__REQUIREMENT__
Before you write out the listing, remove the pictures; everything else stays exactly as it is.

__DATASET EXCERPT__
· · · · ·

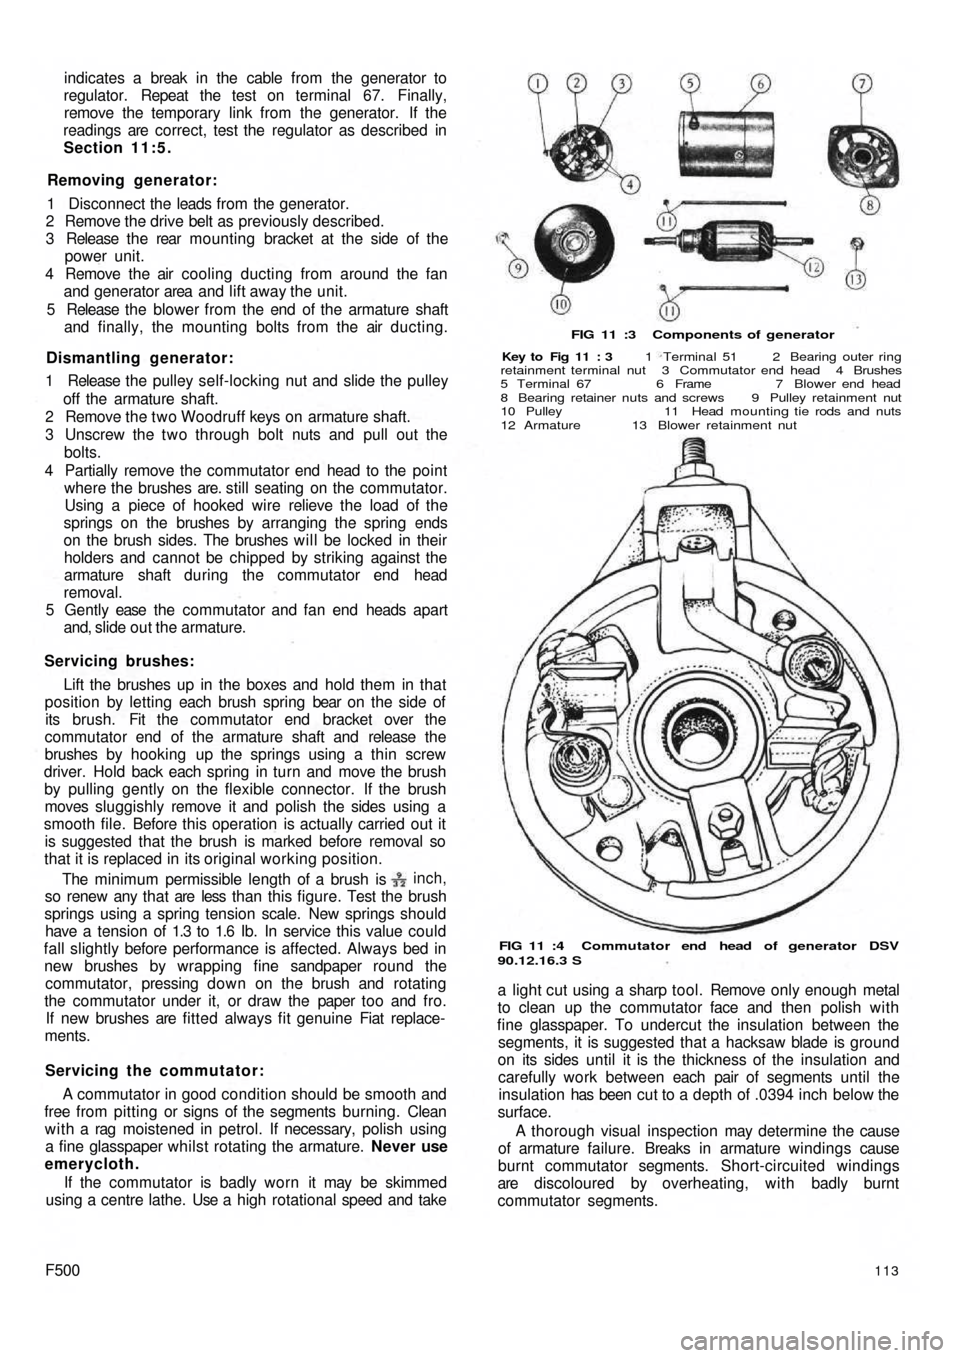 FIAT 500 1957 1.G Workshop Manual indicates a  break in the cable from the generator to
regulator. Repeat the test on terminal 67.  Finally,
remove the temporary link from  the generator. If the
readings are correct, test the regulato

· · · · ·

__REPLY__
 FIAT 500 1957 1.G Workshop Manual indicates a  break in the cable from the generator to
regulator. Repeat the test on terminal 67.  Finally,
remove the temporary link from  the generator. If the
readings are correct, test the regulato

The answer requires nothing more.